INPUT:

• • •

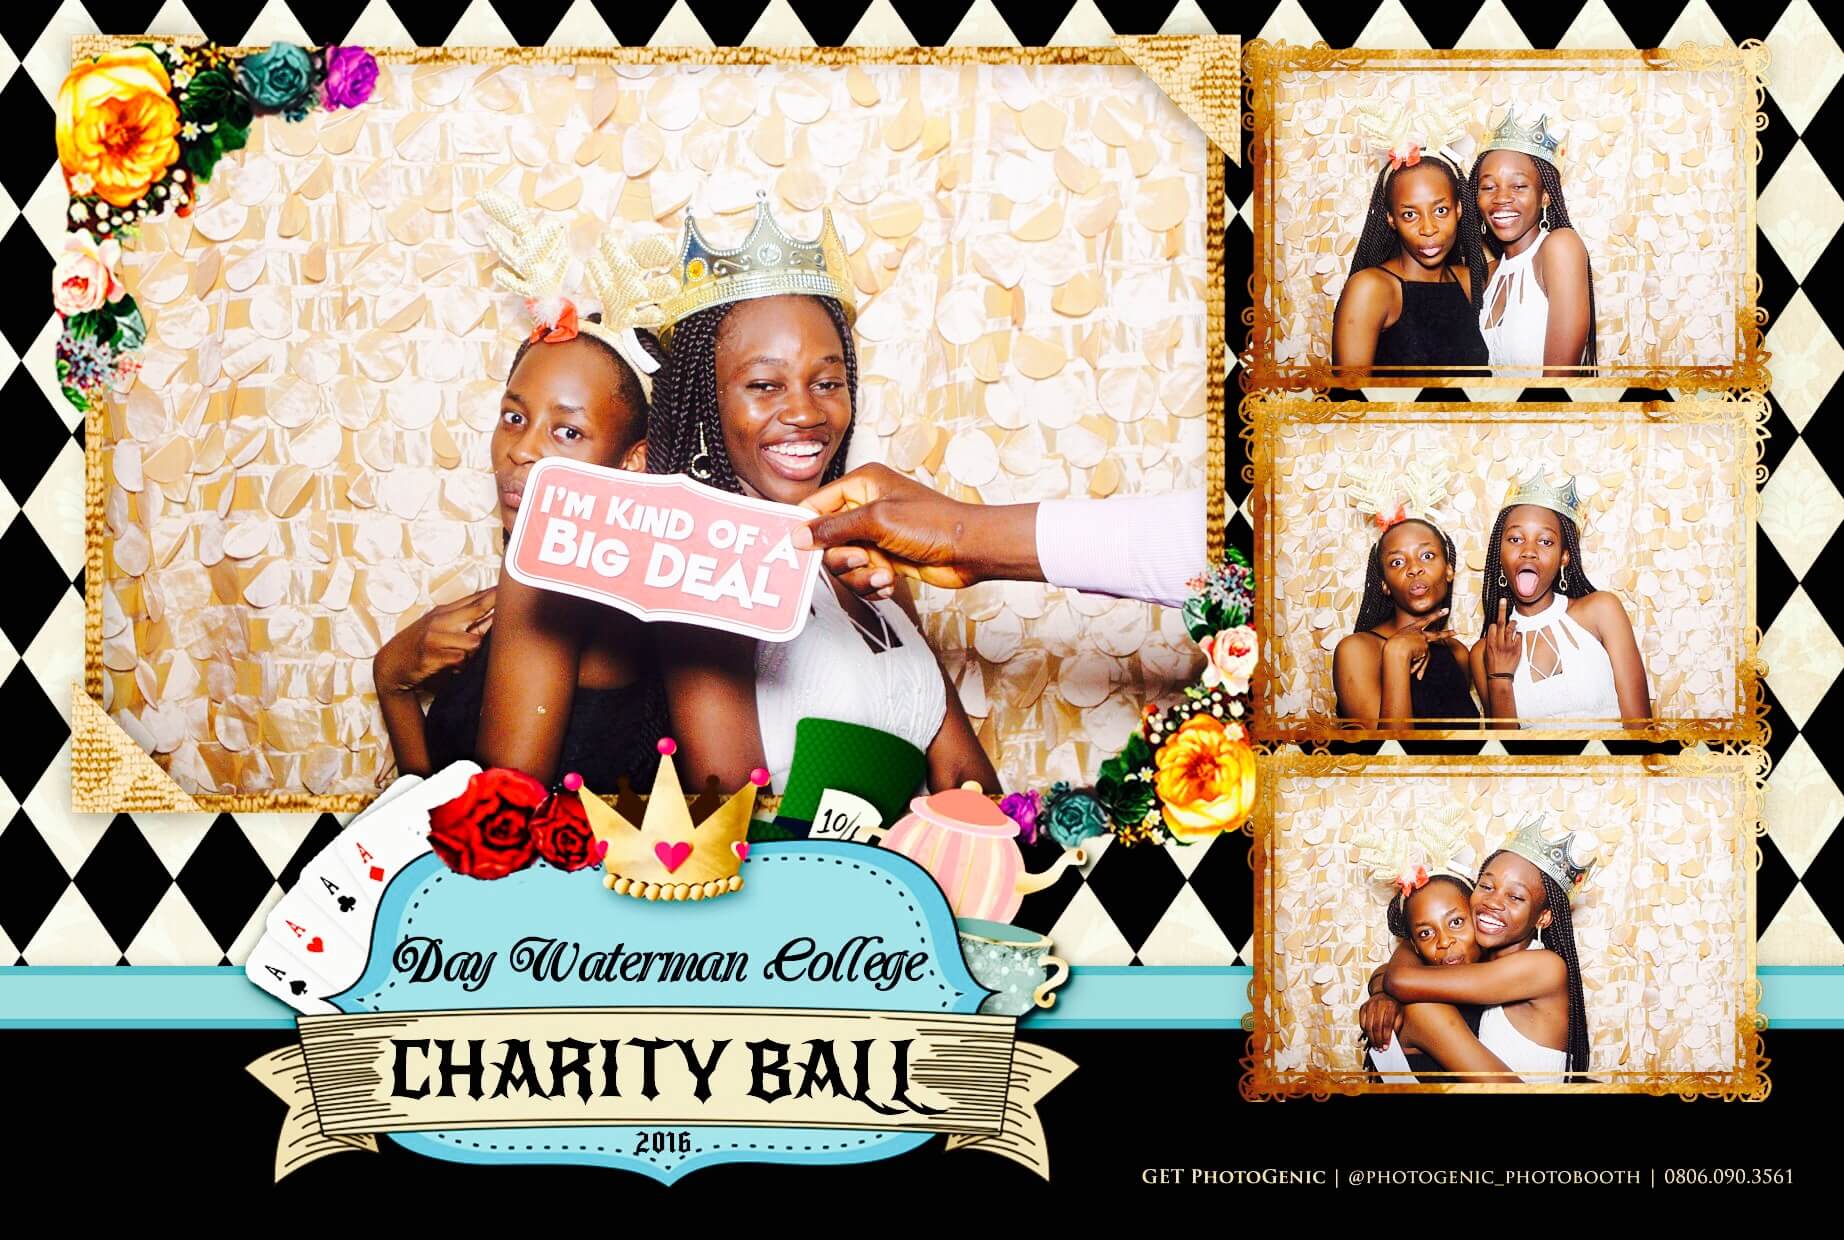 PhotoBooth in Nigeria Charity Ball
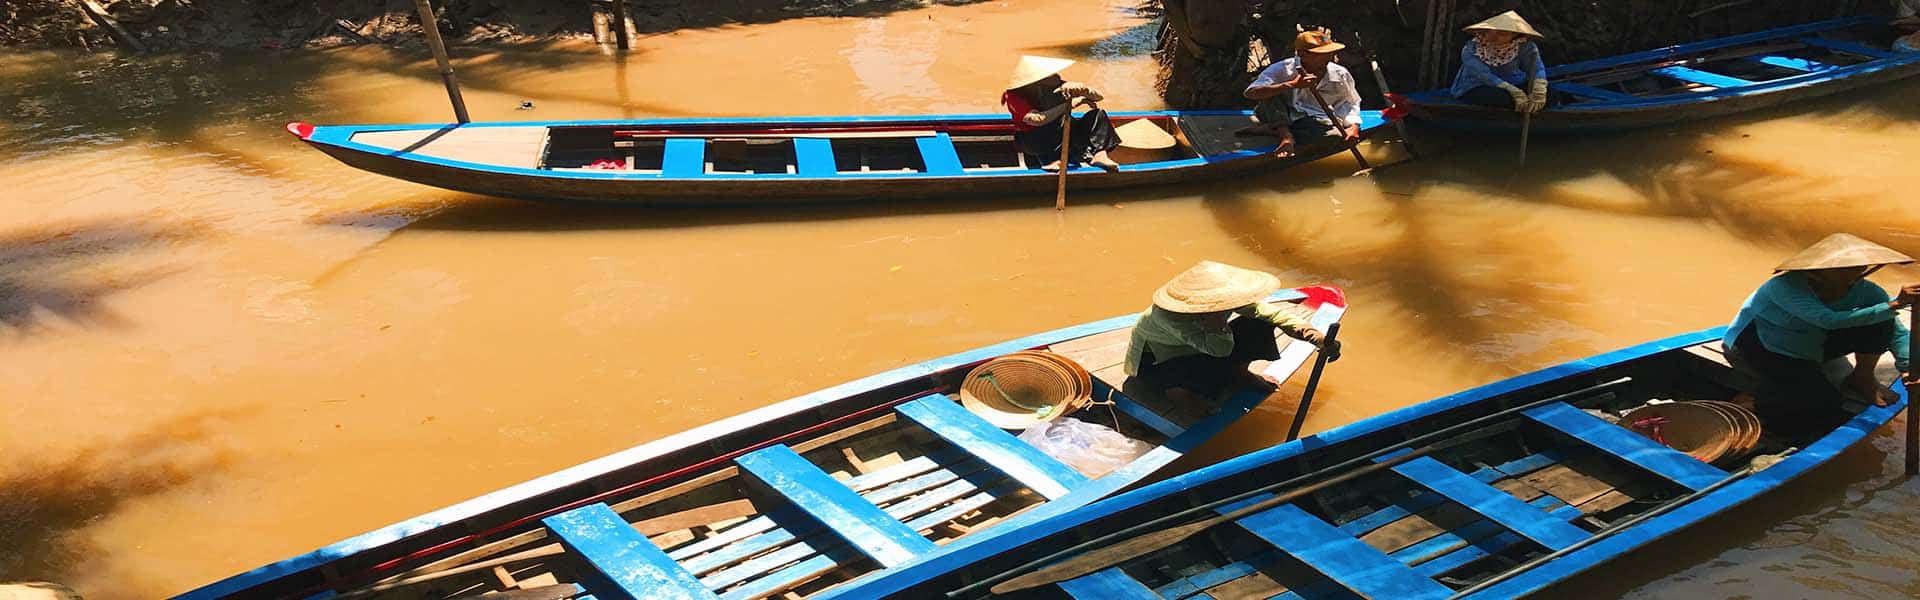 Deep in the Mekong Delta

• • •

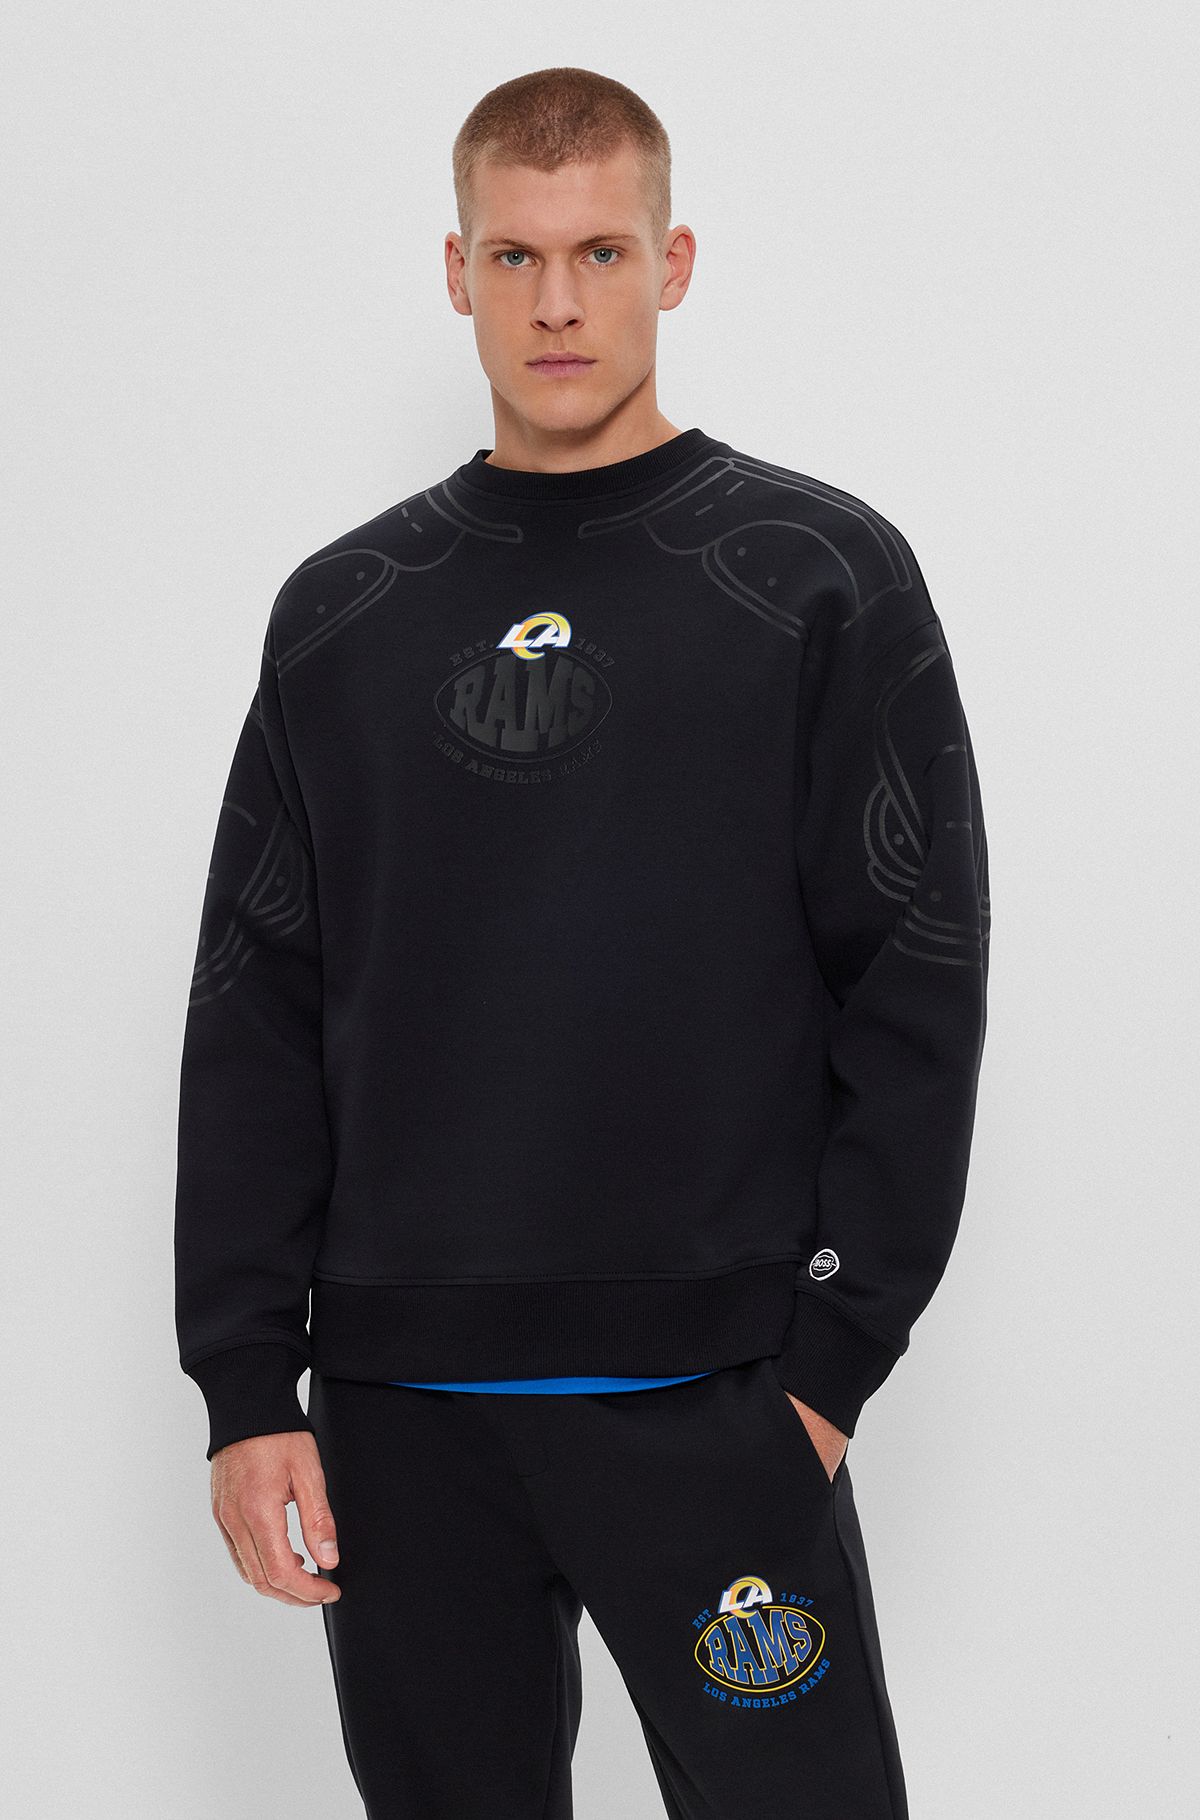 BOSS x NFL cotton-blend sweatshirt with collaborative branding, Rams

• • •

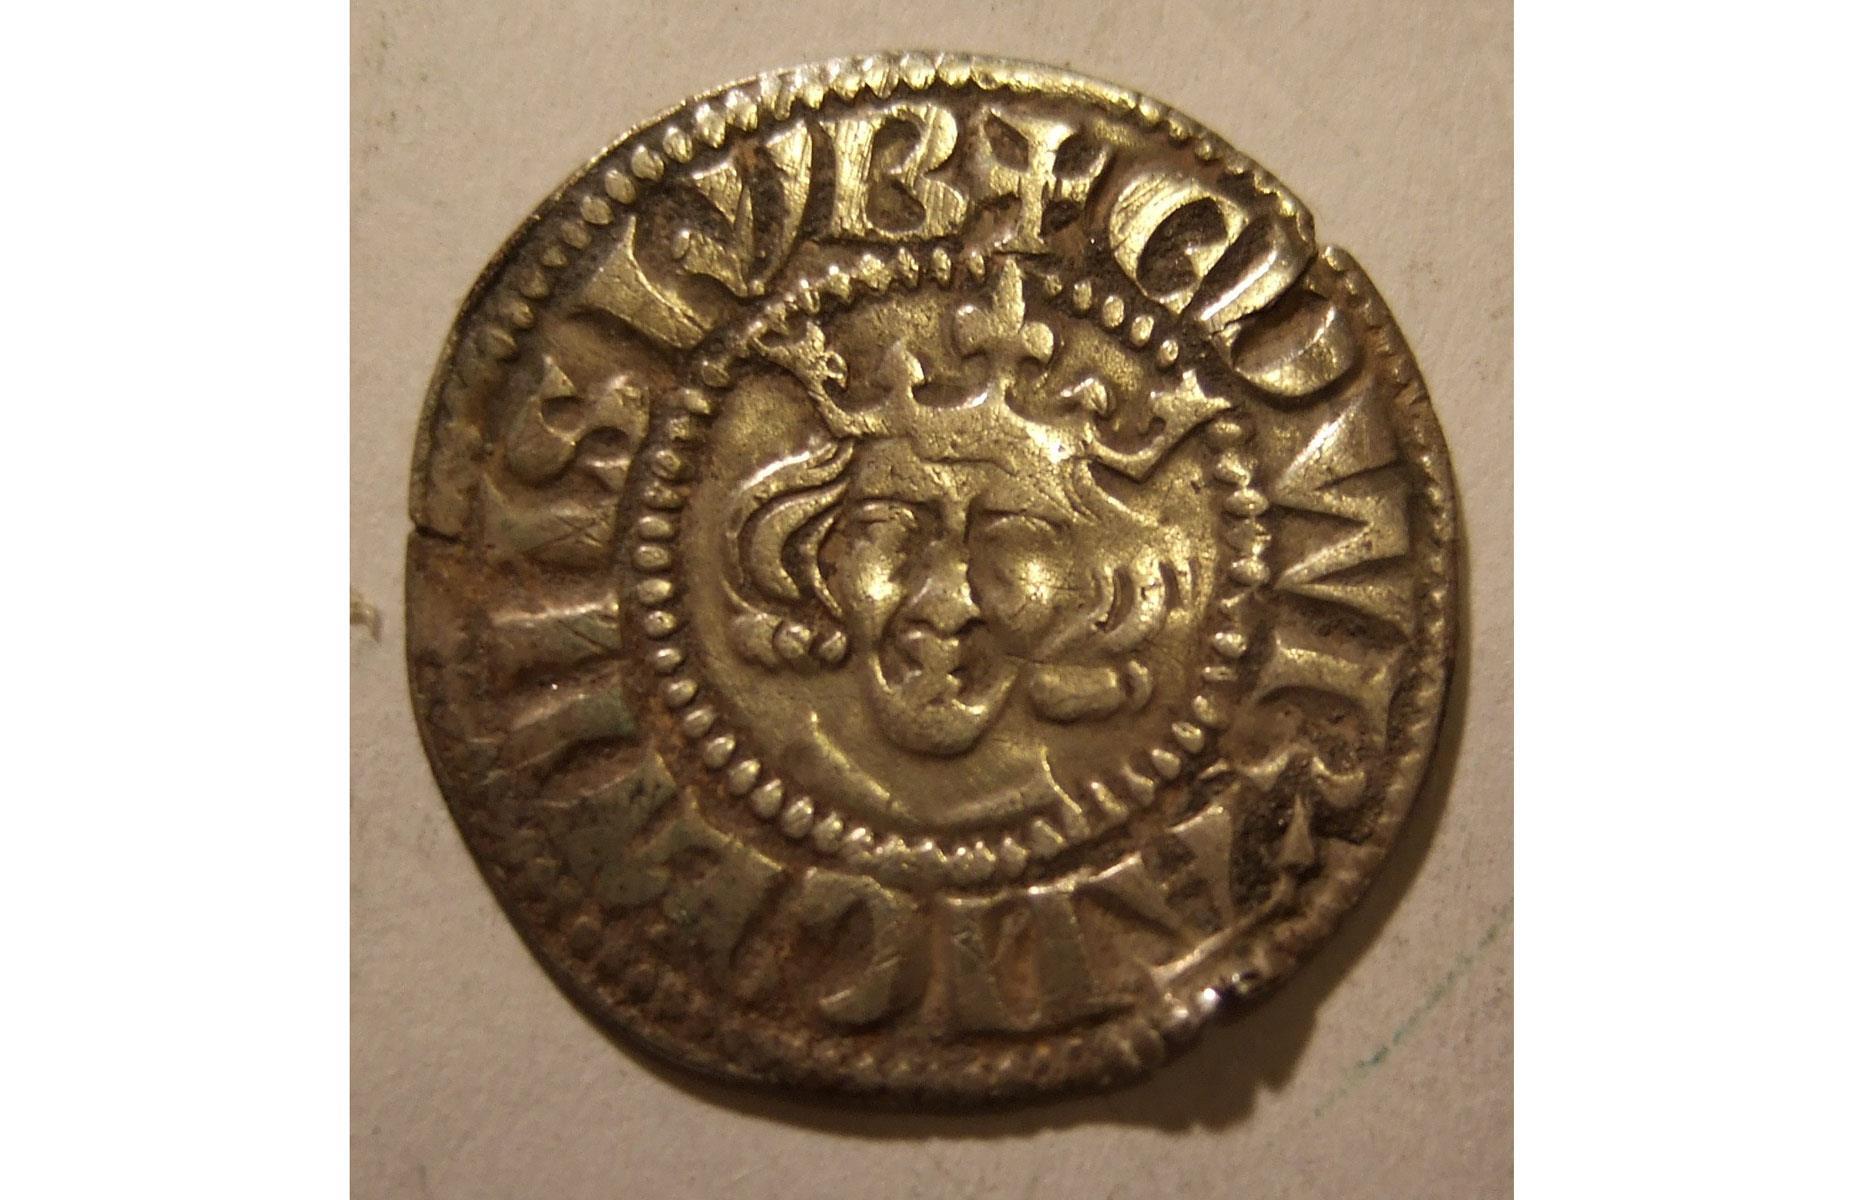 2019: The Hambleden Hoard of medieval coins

• • •

ABOUT THIS TASK:
Your task is to copy only the lines above starting at the one containing "PhotoBooth in Nigeria Charity Ball" and ending at the one containing "Deep in the Mekong Delta". Copy them exactly, both ends included, and omit the pictures.

TASK ANSWER:
 PhotoBooth in Nigeria Charity Ball
 Deep in the Mekong Delta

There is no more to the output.